Some colleagues of mine were sitting around the lunch table in the clinic heating up leftovers and laments. “Primary care has become so complicated lately,” one commented. She felt that there was no way she could keep up with everything. She continued, “It would take me four hours to do one whole new patient exam. It feels like every week there’s something new to be asking or checking or doing. Some new screening measure, something else to counsel them on.”
Indeed, the time for a preventive medicine visit in primary care seems to be getting shorter and shorter with a whole new regimen of “evidence-based” screenings and procedures to take care of coming out every month. Don’t forget about advanced directives or other end of life planning.
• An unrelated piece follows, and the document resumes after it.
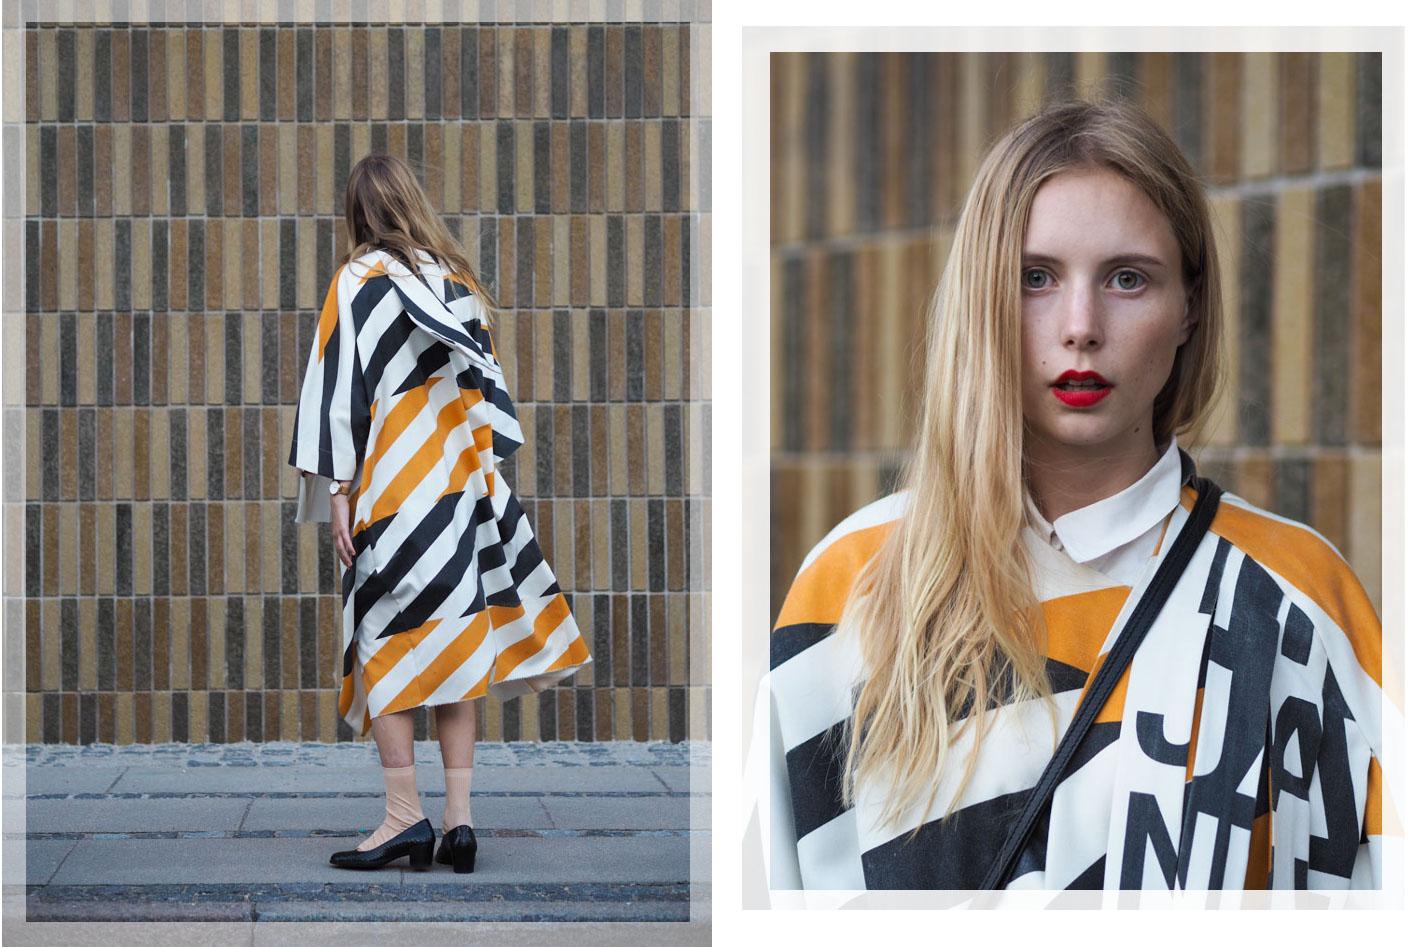 outfit june 16 nemesis babe marie my jensen danish blogger fashion week henrik vibskov-7coll2

Some experts recommend separate visits for that. So, in this cacophony of possibilities, how do you know where to spend your time and your efforts? How can we focus our energies on what is most important and crucial to bending the cost curve of healthcare, improving health outcomes and satisfaction with services? We should let the data be our guide…
And the data are overwhelming conclusive: Behavioral health conditions, including unipolar depression, are the single greatest category of disability in the US and worldwide.1,2 Not only are they leading the way currently, but they’re trending upwards as we develop better public health infrastructure and overcome many of the other more traditional determinants of morbidity and mortality, including injury and infection. If we are to develop a healthcare system that rewards cost savings and health, it’s impossible to ignore behavioral health conditions. Persons with chronic diseases such as diabetes and hypertension are much more expensive to care for when depression complicates their presentation,3 and their outcomes and the healthcare system’s success in controlling their conditions are much lower.4,5
The USPSTF just released updated guidelines recommending depression screening in primary care of all adults and pregnant women, and referral to treatment. Some systems have noted improved recognition and management of depressive disorders when screening was implemented. Depression is manageable and treatable, and elegant models exist for primary care providers to partner with behavioral health specialists and psychiatrists to greatly improve depression care in their own primary care practices—instead of relying on the traditional and ineffective method of referrals and waiting. These models are referred to as Collaborative Care, and have a lot of evidence behind them.6 Patients as well as primary care practitioners like these approaches better since they create a conduit to evidence-based mental healthcare services more rapidly than traditional methods with existing workforce.
Behavioral health conditions are common and costly, and if they don’t impact your bottom line and success in achieving outcomes with your patients now, they will soon. With the litany of new screens and things to talk about, there’s good reason to focus on behavioral health. In the evolving world of healthcare reform, it just makes good business sense, even if it just seems like one more thing to bring up at the lunch table.
1. Murray CJL, Abraham J, Ali MK, et al. The State of US Health, 1990-2010: Burden of Diseases, Injuries, and Risk Factors. JAMA. 2013;310:591-608.
2. Prince M, Patel V, Saxena S, et al. No health without mental health. Lancet. 2007;370:859–877.
3. Simon G, Katon W, Lin E. Diabetes complications and depression as predictors of health service costs. Gen Hosp Psychiatry. 2005;27:344-351.
4. Park M, Katon WJ, Wolf FM. Depression and risk of mortality in individuals with diabetes: a meta-analysis and systematic review. Gen Hosp Psych. 2014;35:217–225.
5. Pan A, Lucas M, Sun Q, et al. Increased mortality risk in women with depression and diabetes mellitus. Arch Gen Psychiatry. 2011;68:42–50.
6. Archer J, Bower P, Gilbody S, et al. Collaborative care for depression and anxiety problems ( Review ). Cochrane Database Syst Rev. 2012 Oct 17;10:CD006525.